Où QUIC est et n'est pas utilisé
QUIC domine le trafic navigateur-serveur pour les destinations compatibles HTTP/3 : Google, Meta, Cloudflare, Fastly, Akamai. Les navigateurs reviennent à HTTP/2 sur TCP si QUIC échoue (certains réseaux bloquent UDP/443, certains pare-feu abandonnent un UDP inconnu et la perte de paquets QUIC peut être perversement élevée sur les réseaux optimisés pour TCP). QUIC est la base de WebTransport - une API de bas niveau permettant au navigateur d'effectuer un streaming bidirectionnel via QUIC. À long terme, attendez-vous à ce que davantage de protocoles d'application soient portés sur QUIC.
Mises en garde opérationnelles
QUIC complique les opérations réseau :
qlog et Wireshark avec clés TLS constituent la configuration moderne.Questions fréquemment posées
- QUIC est-il plus rapide que TCP ?
- Pour les charges de travail réelles, généralement oui : généralement 10 à 30 % plus rapide sur les réseaux mobiles et avec perte, moins d'avantages sur les liaisons filaires propres.
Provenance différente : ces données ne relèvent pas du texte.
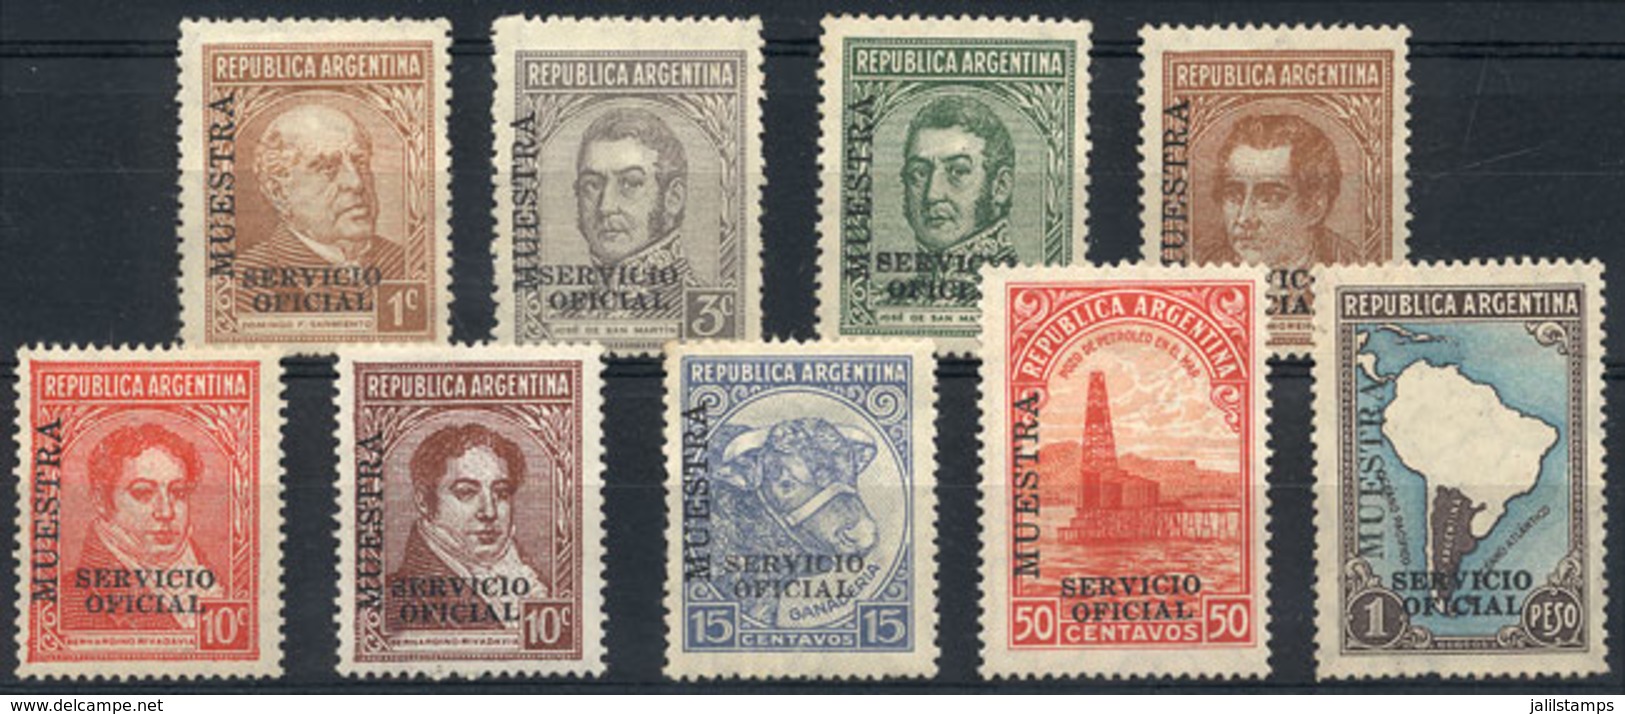 ARGENTINA: GJ.630 + Other Values, 9 Stamps Of The Proceres & Riquezas I Issue With MUESTRA Ovpt, VF Quality, Rare! - Officials

L'amélioration provient du multiplexage sans blocage de tête de ligne, de négociations plus rapides et de migration de connexion. Sur un réseau parfait et sans perte, l’écart se réduit.
- QUIC chiffre-t-il le trafic ?
- Oui, obligatoire et de bout en bout. Chaque paquet QUIC après la prise de contact est chiffré avec des clés TLS 1.3. Il n'existe pas de mode "QUIC simple". Les observateurs du réseau voient UDP chiffré avec l'ID de connexion QUIC ; ils ne peuvent pas lire les flux à l'intérieur.
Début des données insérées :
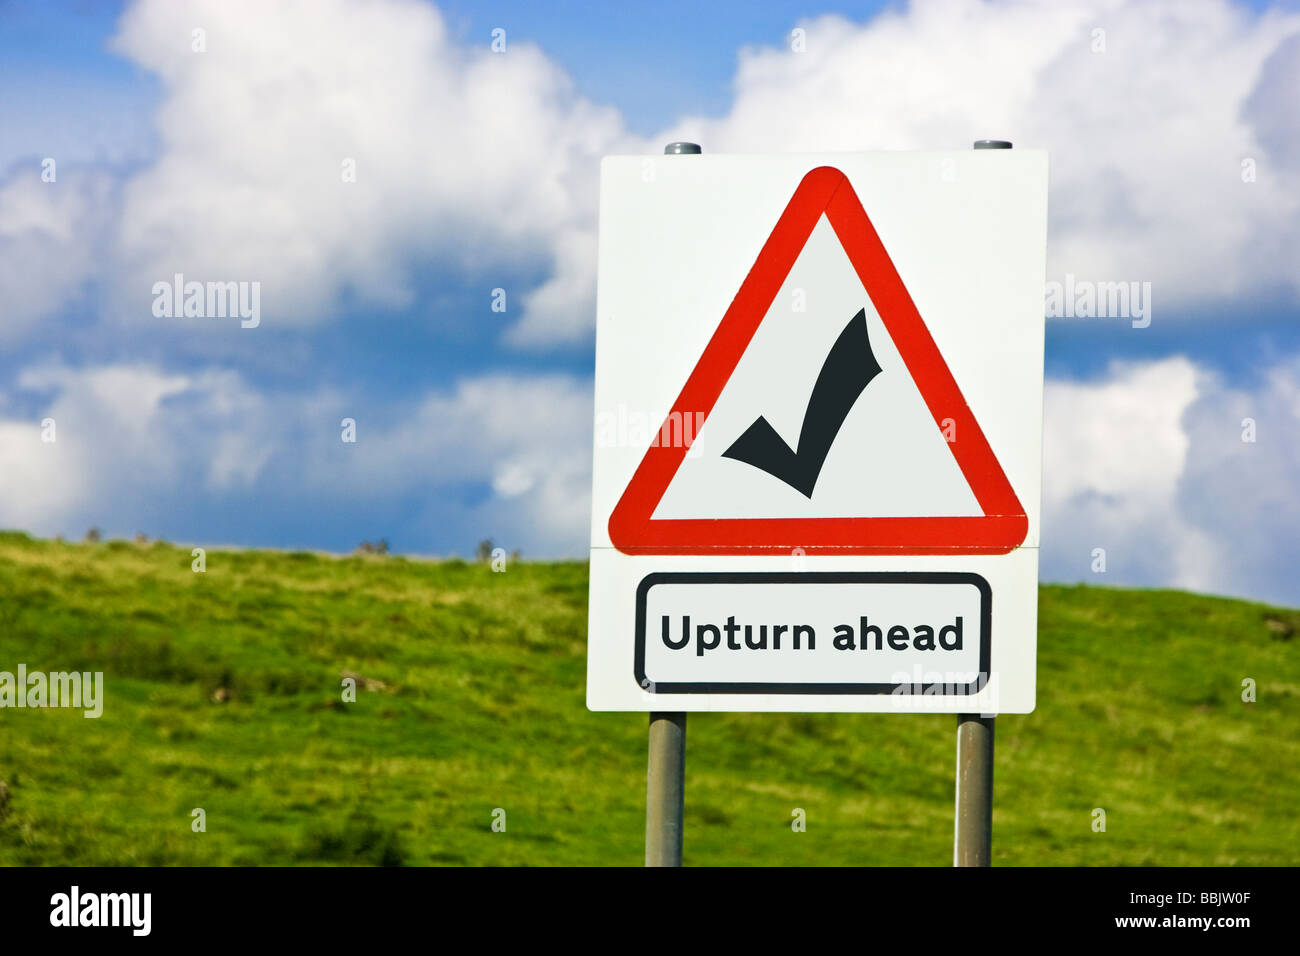 Concept sign for an economic upturn, economic recovery ahead, Britain, UK Stock Photo

- Pourquoi QUIC fonctionne-t-il sur UDP, et non sur son propre protocole IP ?
- Déployabilité. Un nouveau protocole IP nécessiterait des mises à jour de chaque NAT, pare-feu et routeur FAI sur Internet – des décennies de travail. UDP est déjà universellement pris en charge. QUIC implémente sa propre fiabilité, son contrôle de congestion et son classement en plus des datagrammes de meilleur effort d'UDP.
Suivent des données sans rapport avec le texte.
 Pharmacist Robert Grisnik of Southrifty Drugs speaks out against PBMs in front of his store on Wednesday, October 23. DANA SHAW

- Un tunnel VPN peut-il QUIC ?
- Oui, QUIC n'est que des paquets UDP envoyés au VPN, qui les encapsule dans son propre tunnel comme il le fait avec tout autre trafic. WireGuard le gère proprement ; OpenVPN convient également. Le trafic QUIC à l'intérieur du tunnel est doublement crypté (couche QUIC + couche VPN), avec une surcharge mineure.
- HTTP/3 nécessite-t-il QUIC ?
- Oui, par définition. HTTP/3 est HTTP sur QUIC ; il n'y a pas de HTTP/3-over-TCP. Le nom est un peu déroutant car HTTP/2 a également des prototypes « over QUIC » (gQUIC), mais la version IETF de HTTP/3 est celle livrée en 2021.